━━━━━ Data

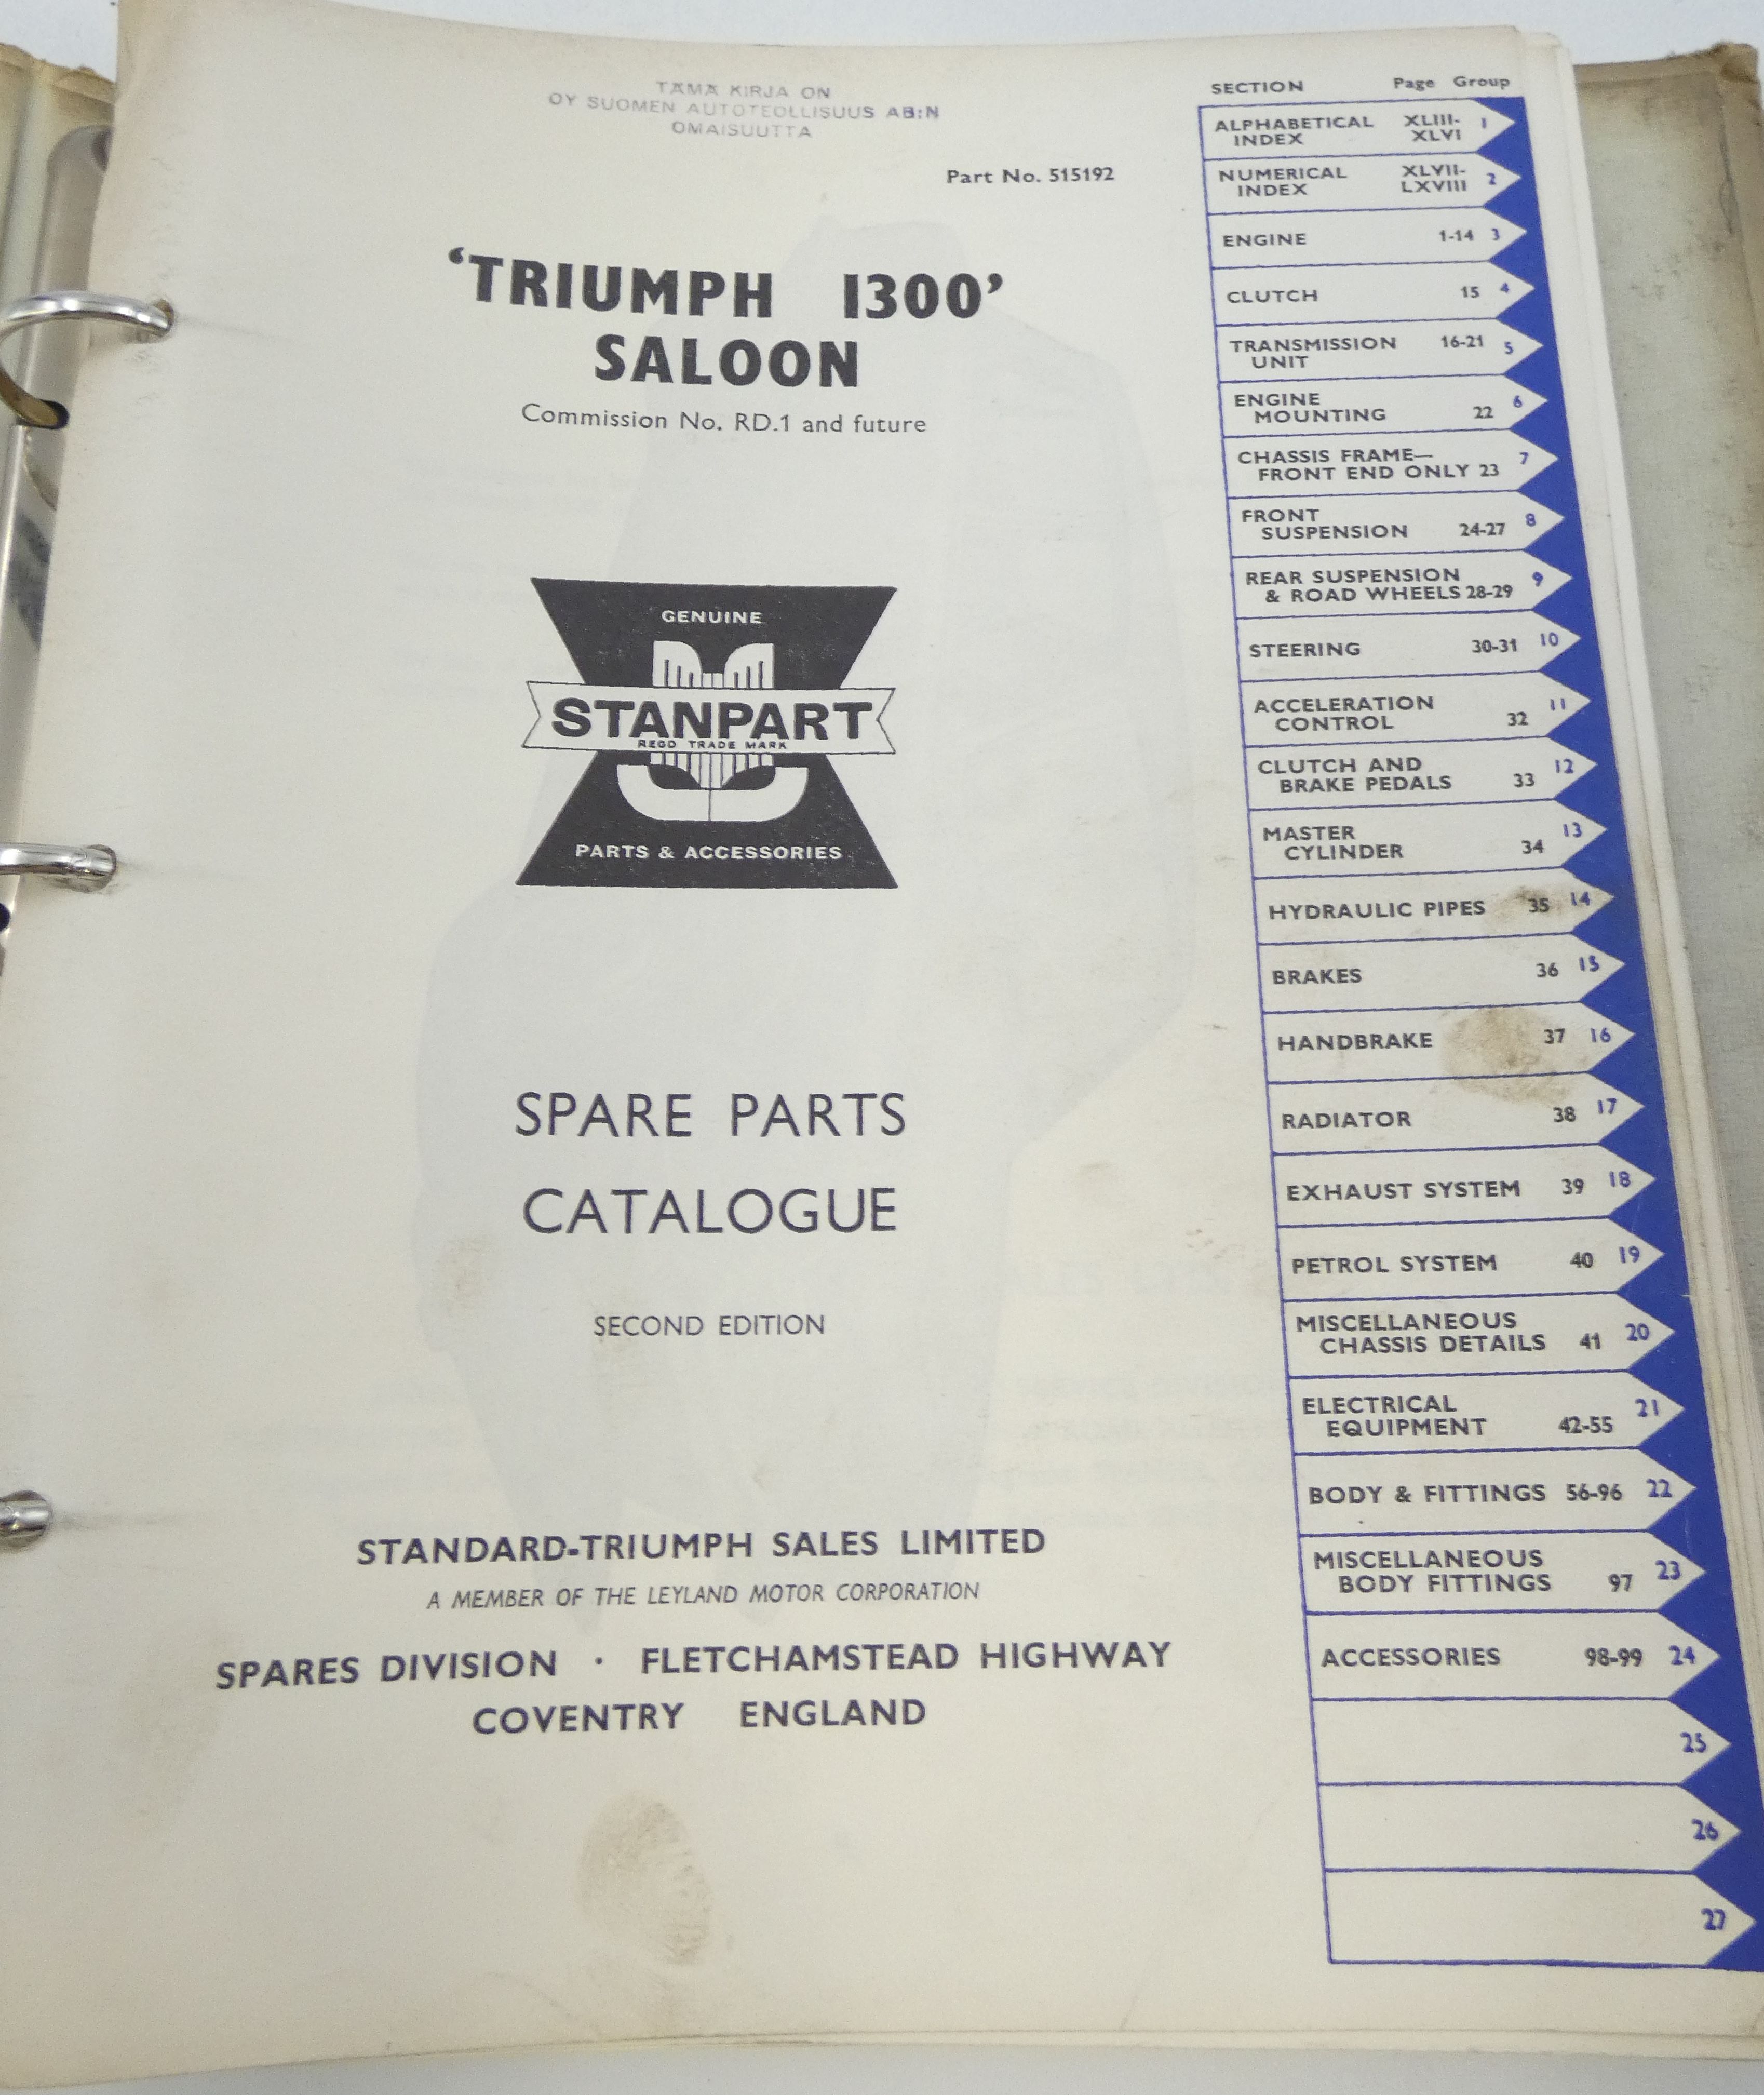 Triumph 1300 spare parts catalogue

━━━━━━━━━━
━━━━━ Data

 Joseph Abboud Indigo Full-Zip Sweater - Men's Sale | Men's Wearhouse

━━━━━━━━━━
━━━━━ Data

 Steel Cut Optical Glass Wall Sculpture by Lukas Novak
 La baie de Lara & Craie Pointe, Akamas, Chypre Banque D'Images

━━━━━━━━━━

● **Task goal**
The reply should consist solely of the lines above from the one that has "Steel Cut Optical" through the one that has "La baie de Lara", reproduced exactly.

● **Solution to the problem**
 Steel Cut Optical Glass Wall Sculpture by Lukas Novak
 La baie de Lara & Craie Pointe, Akamas, Chypre Banque D'Images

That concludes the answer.